Outra coisa que me incomoda atualmente é essa aparente urgência com que Hollywood precisa levar os fatos do mundo às telas na medida em que vão se desenrolando. Deve ser uma falsa sensação de minha parte, mas antes parecia que os filmes de acontecimentos “reais” retratavam fatos muito mais remotos. Apocalypse Now, Platoon e Nascido para Matar, os relatos de guerra mais famosos da minha infância, falavam sobre o conflito no Vietnã, algo que para mim parecia ter ocorrido na era pré-histórica. Já os filmes sobre dramas reais contemporâneos revelavam casos obscuros demais para sabermos antecipadamente do que se tratavam. É claro que a comunicação mais restrita da era pré-internet impedia que certas histórias corressem o mundo e se tornassem comoção global imediata, como é tão típico hoje em dia.

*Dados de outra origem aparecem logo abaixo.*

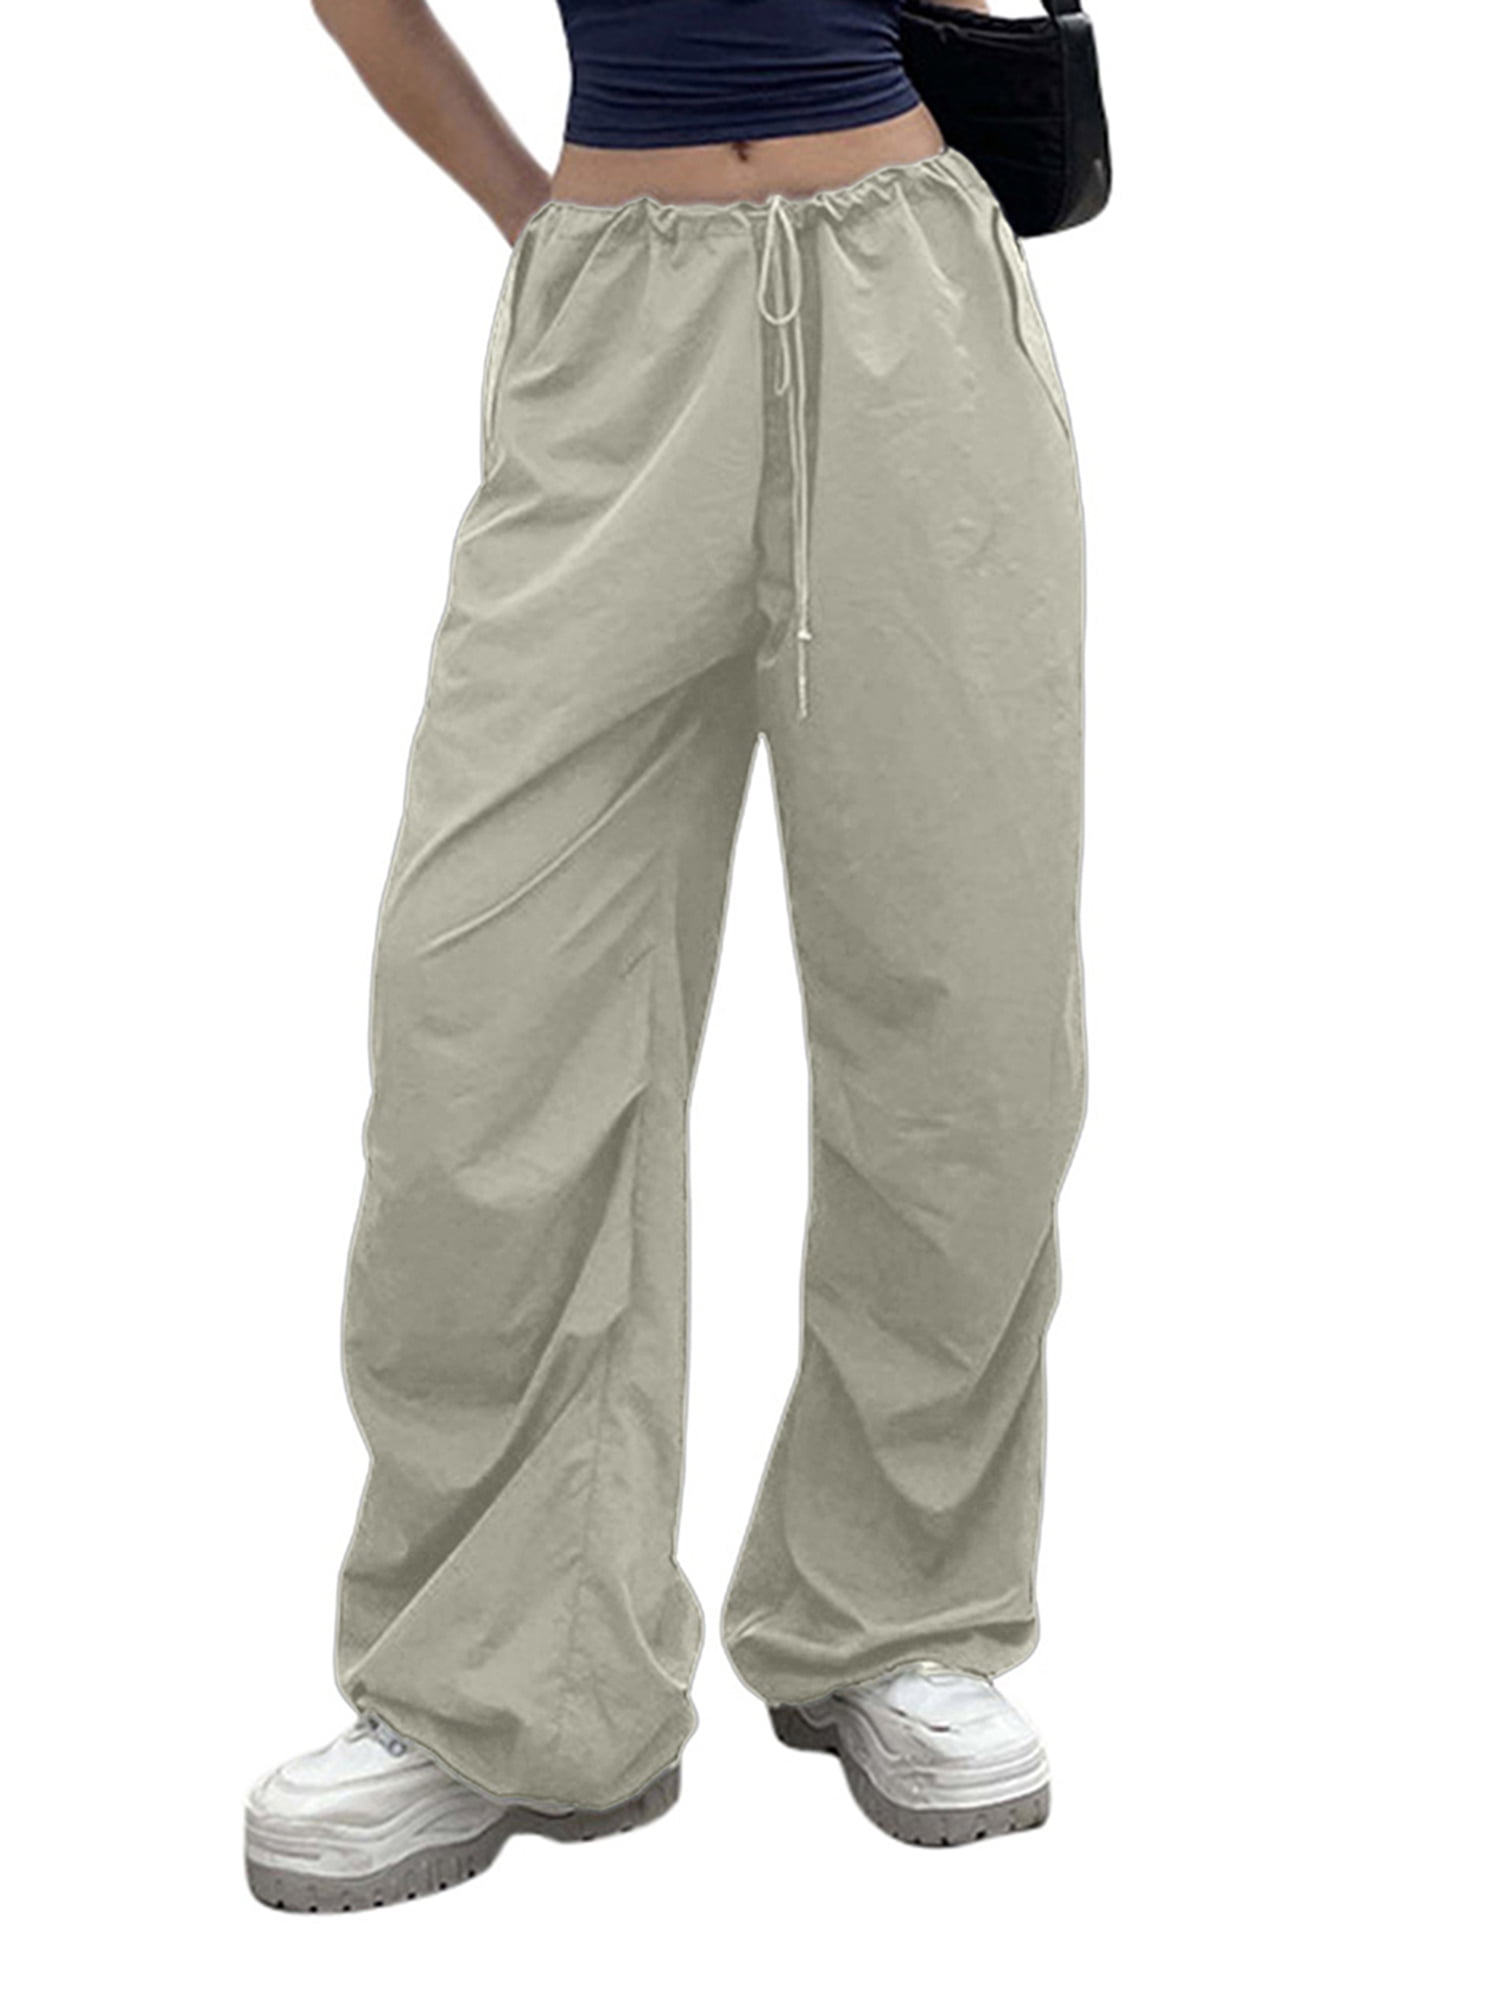 Douhoow Baggy Cargo Pants for Women Hip Hop Style Drawstring Trousers  Joggers Sweatpants Streetwear

Lembro de ficar chocado quando soube das filmagens de A Rede Social ainda em 2009, uma época em que se conectar diariamente ao Facebook já era um hábito global tão comum como ver TV. Não seria cedo demais para assistirmos a um filme de um assunto tão recente e conhecido, cujos desdobramentos ainda aconteciam? E com os personagens envolvidos bem vivos e atuantes, prontos para contestar tudo? Também foi esse o caso do filme estrelado por Ashton Kutcher em 2013, que recriou a vida e obra de Steve Jobs, o guru da Apple falecido menos de dois anos antes. Foi no mínimo bizarro presenciar a história de uma personalidade morta a quem havíamos praticamente acabado de acompanhar em vida.
Deve ser porque sou inocente e me acostumei a relacionar Cinema com História. Sinto que é OK ver filmes sobre Lincoln, Getúlio e Churchill, figuras das quais apenas li a respeito, ou sobre acontecimentos considerados “antigos”, como o Escândalo do Watergate ou a Ditadura Militar. Mas é esquisito ver nas telas fatos contemporâneos que a mídia ainda reverbera, ainda mais em produtos que forçam a mão na ficcionalização, como é o caso da série O Mecanismo. Outro exemplo: parecia “normal” ver Tom Cruise interpretando um veterano de guerra paraplégico em Nascido em 4 de Julho, porque havia todo aquele jeitão de história antiga. E esse drama do homem que perdeu as pernas no atentado da Maratona de Boston em 2013 (que virou o filme O Que Te Faz Mais Forte, com Jake Gyllenhaal), não parece que aconteceu ontem?
Com a velocidade da informação e a intensidade com que tudo é propagado e dissecado na internet, as histórias são mastigadas exaustivamente e passam do prazo de validade muito mais rápido. Consequentemente, a indústria do entretenimento parece desesperada para não perder o bonde da História e a meada das nossas conversas de Twitter do dia-a-dia. Um futuro distópico não tão distante? Biografias de celebridades jovens e vivas, temas extraídos de best sellers de autoajuda, memes e trending topics serão assuntos cada vez mais comuns nos novos filmes e séries do mercado mainstream. Ao grande público, caberá a dura missão de não misturar as bolas e saber diferenciar os fatos da dramatização, a realidade da ficção.
Se já está difícil agora, imagine logo mais?
Pablo Miyazawa é colunista do AdoroCinema e consome cultura pop desde que nasceu, há 40 anos, de Star Wars a Atari, de Turma da Mônica a Twin Peaks. Como jornalista, editou revistas de entretenimento como Rolling Stone, Herói, EGM e Nintendo World.